In the embodiment of the present invention, the device further includes: a loading module, configured to load the service according to the reserved resource of the service.

According to still another embodiment of the present invention, there is provided a processor comprising the time-frequency spectrum continuous resource reservation device of any of the above.

The embodiment of the present invention adopts a request signal for receiving a service and determines a spectrum resource block of the candidate link and the candidate link, and then selects a spare resource block from the spectrum resource block, and acquires a time spectrum continuous value TSC of the spare resource block, and finally The resource block to be allocated corresponding to the TSC that meets the preset condition is selected as the reserved resource of the service from the spare resource block, so that the problem that the spectrum resource cannot be properly allocated under the software-defined flexible optical network in the related art is solved, and the problem is achieved.
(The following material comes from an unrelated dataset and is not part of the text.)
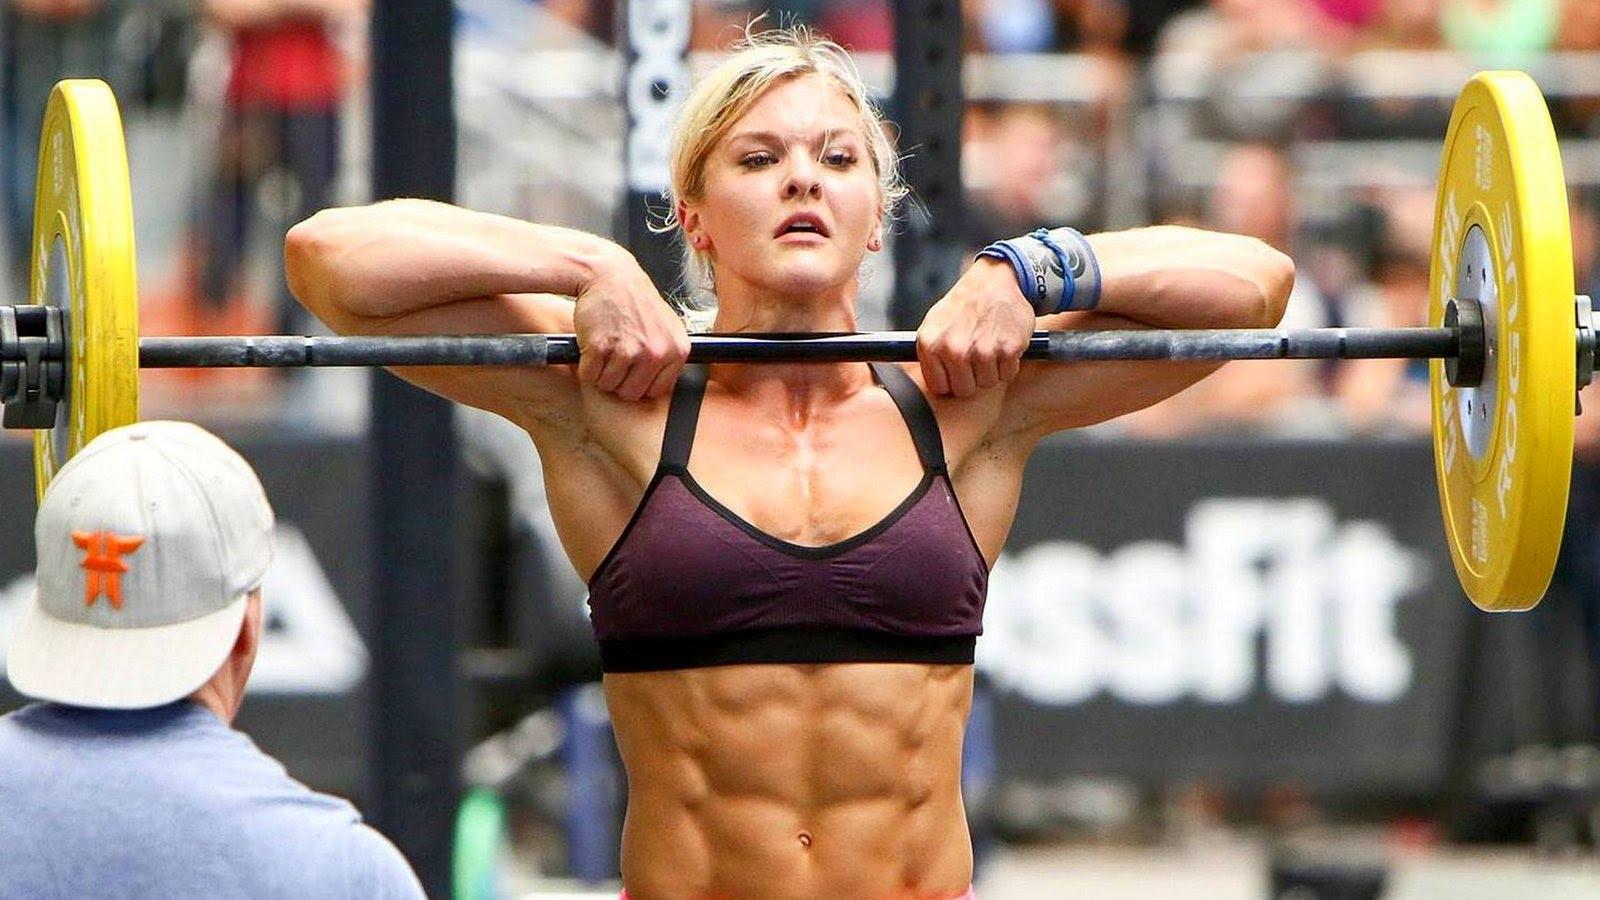 Crossfit hot females — 1

The effect of properly allocating spectrum resources.

DRAWINGS

The drawings described herein are intended to provide a further understanding of the invention, and are intended to be a part of the invention. In the drawing:

1 is a flowchart of a time-frequency spectrum continuous resource reservation method according to an embodiment of the present invention;

2 is a structural block diagram of a time-frequency spectrum continuous resource reservation apparatus according to an embodiment of the present invention;

3 is a block diagram of a preferred structure of a time-frequency spectrum-based resource reservation device in accordance with a preferred embodiment of the present invention. Figure 1;

4 is a block diagram 2 of a preferred structure of a time-frequency spectrum-based resource reservation apparatus according to a preferred embodiment of the present invention;

5 is a block diagram 3 of a preferred structure of a time-frequency spectrum-based resource reservation apparatus according to a preferred embodiment of the present invention;

6 is a structural block diagram of a processor according to an embodiment of the present invention;

Figure 7a is a time-frequency continuous schematic diagram 1 according to a preferred embodiment 1 of the present invention;

Figure 7b is a time-frequency continuous schematic diagram 2 of a preferred embodiment 1 of the present invention;

8 is a flow chart of a time-frequency spectrum continuous resource reservation method according to a preferred embodiment 2 of the present invention.

detailed description

The invention will be described in detail below with reference to the drawings in conjunction with the embodiments. It should be noted that the embodiments in the present application and the features in the embodiments may be combined with each other without conflict.

In this embodiment, a time-frequency spectrum-based resource reservation method is provided, which may be implemented by a processor, but is not limited thereto. FIG. 1 is a time-frequency spectrum-based resource according to an embodiment of the present invention. A flowchart of the reservation method, as shown in FIG. 1, the process includes the following steps:

Step S102, receiving a request signal of a service, and determining a spectrum resource block of the candidate link and the candidate link according to the request signal;

Step S104, selecting, as a spare resource block, the request resource from the spectrum resource block, and acquiring the time spectrum continuous value TSC of the spare resource block;

Step S106: Select at least one resource block to be allocated corresponding to the TSC that meets the preset condition as the reserved resource of the service from the spare resource block.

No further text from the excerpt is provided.